Abstract Evidence suggests that neurogenesis occurs in the adult mammalian brain, and that various stimuli, for example, ischemia/hypoxia, enhance the generation of neural progenitor cells in the subventricular zone (SVZ) and their migration into the olfactory bulb. In a mouse stroke model, focal ischemia results in activation of neural progenitor cells followed by their migration into the ischemic lesion. The present study assessed the in vivo effects of cilostazol, a type 3 phosphodiesterase inhibitor known to activate the cAMP-responsive element binding protein (CREB) signaling, on neurogenesis in the ipsilateral SVZ and peri-infarct area in a mouse model of transient middle cerebral artery occlusion.
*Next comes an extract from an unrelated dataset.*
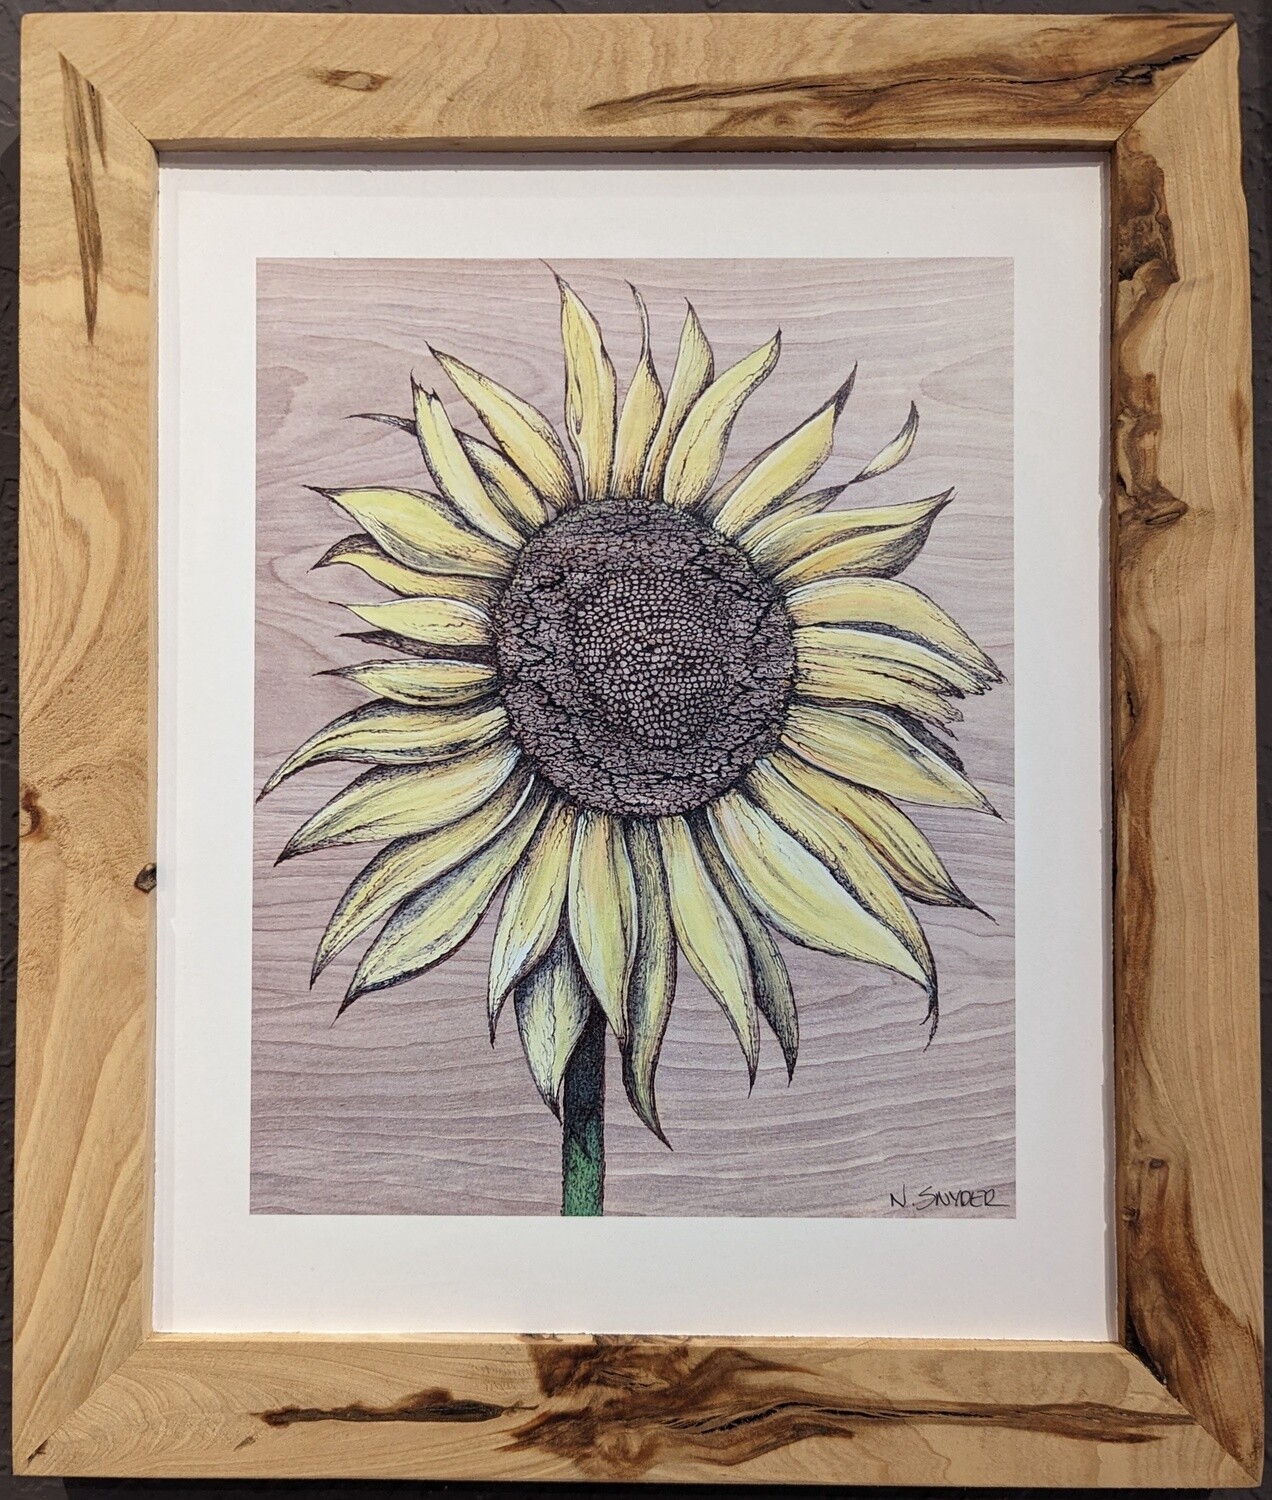 "The Sunflower"

Mice were divided into sham operated ( n =12), vehicle- ( n =18) and cilostazol-treated ( n =18) groups. Sections stained for 5-bromodeoxyuridine (BrdU) and several neuronal and a glial markers were analyzed at post-ischemia days 1, 3 and 7. Cilostazol reduced brain ischemic volume ( P <0.05) and induced earlier recovery of neurologic deficit ( P <0.05). Cilostazol significantly increased the density of BrdU-positive newly-formed cells in the SVZ compared with the vehicle group without ischemia. Increased density of doublecortin (DCX)-positive and BrdU/DCX-double positive neural progenitor cells was noted in the ipsilateral SVZ and peri-infarct area at 3 and 7 days after focal ischemia compared with the vehicle group ( P <0.05). Cilostazol increased DCX-positive phosphorylated CREB (pCREB)-expressing neural progenitor cells, and increased brain derived neurotrophic factor (BDNF)-expressing astrocytes in the ipsilateral SVZ and peri-infarct area. The results indicated that cilostazol enhanced neural progenitor cell generation in both ipsilateral SVZ and peri-infarct area through CREB-mediated signaling pathway after focal ischemia.